Like, groups of people are able to maintain commercial secrets. This is kind of not unlike that, except with somewhat higher stakes.
I mean, AI people are notoriously bad at doing these kinds of things xD I would expect the people running openai or anthropic to say similar things to this (when their orgs were just starting out). So I hope you can see why I wanted to ask this. None of this is to cast any doubt on your ability or motives, just noting the minefield that is unfortunately next to the park where we’re having this conversation.
Hey, I really like the ideas you’re putting down here. From what I’m seeing, this agenda looks something like “train the world’s most powerful autoencoder, with the requirement that the intermediate representation be human-decodable.” Which is a very cool idea!
In fact, I’m hopeful that the IR being decodable doesn’t even require it to be in something approximating symbolic language. For an intuition pump, consider that “I put the large box inside of the smaller box” is a valid sentence, but we intuitively know that it’s not physically valid based on a much more high dimensional “physics-based” world model that does not involve constructing an exhaustive symbolic proof of the volume and carrying capacity of the two cuboids in question. So the IR can be a dense high level representation so long as it can be decoded by some system into human readable or viewable symbols/data, and that would not be in itself damning to the project (unless we suspect that the decoding is partial or incomplete).
My main thought/caution against this proposal, however, would be that this agenda requires moving the capabilities needle forward for supervised/self-supervised learning. Even if the world model is not a neural network, it would seem to have predictive power and capabilities surpassing the best SL systems. I’m not against that per se, but any such advances might then be coupled into a model-based RL system, which would be… not great, and definitely much more risky. Would love to discuss this more, let me know what you think!
Thanks!
If I understand correctly, that’s the “symbolic enough” case from footnote 2:
We also don’t have full interpretability into our abstractions down to the neurons, after all.
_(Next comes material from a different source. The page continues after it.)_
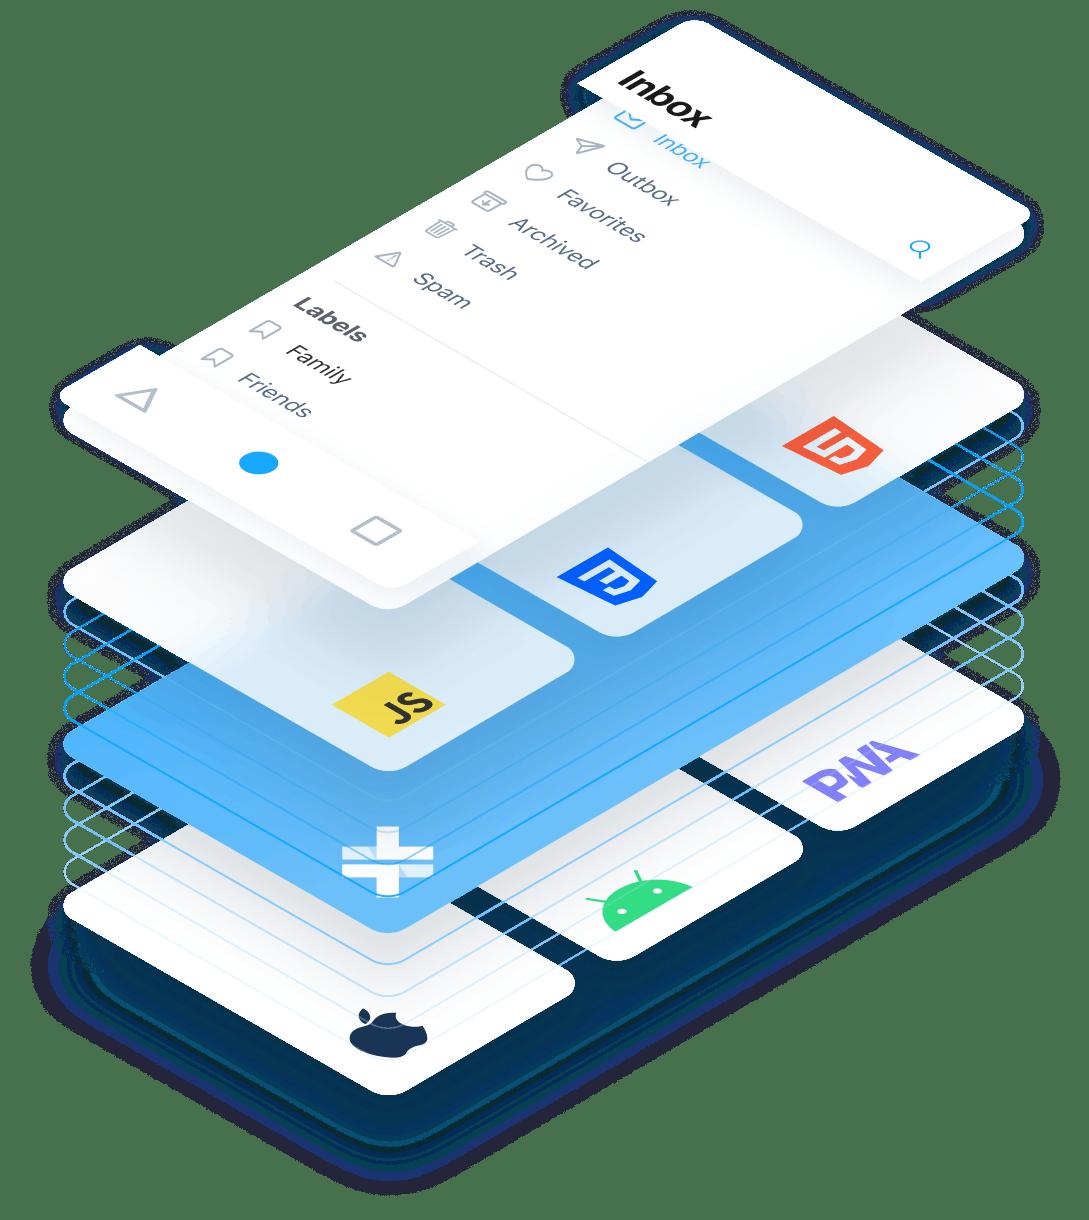 Ionic app layers

I don’t think it’d be necessary per se, though. I think if we can get it to produce an explanation like this, we can then just iterate to “explain the explanation”, et cetera, until everything’s been reduced to symbolics. Or it can be achieved by turning some other “crank” controlling the “explanation fidelity”.
But yeah, “symbolic-enough” may be satisfactory.
Yep. As I’d briefly mentioned, the actual gears-level sketches of “sufficiently powerful compression algorithms” are obviously dual-use, and shouldn’t be openly published.
Glad to see we’re basically agreed. However, how would you take safety precautions around your own work on such algorithms, given our last big similar breakthrough (transformers for language modelling) basically instantly got coopted for RL to be “agentified”? Unless you’re literally doing this alone (with a very strong will) wouldn’t that be the natural path for any company/group once the simulator is finished?
“Share the dual-use stuff only with specific people who are known to properly understand the AGI risk, can avoid babbling about it in public, and would be useful contributors” seems like the straightforward approach here.
Like, groups of people are able to maintain commercial secrets. This is kind of not unlike that, except with somewhat higher stakes.
I mean, AI people are notoriously bad at doing these kinds of things xD I would expect the people running openai or anthropic to say similar things to this (when their orgs were just starting out). So I hope you can see why I wanted to ask this. None of this is to cast any doubt on your ability or motives, just noting the minefield that is unfortunately next to the park where we’re having this conversation.
For what it’s worth, I’m painfully aware of all the skulls lying around, yep.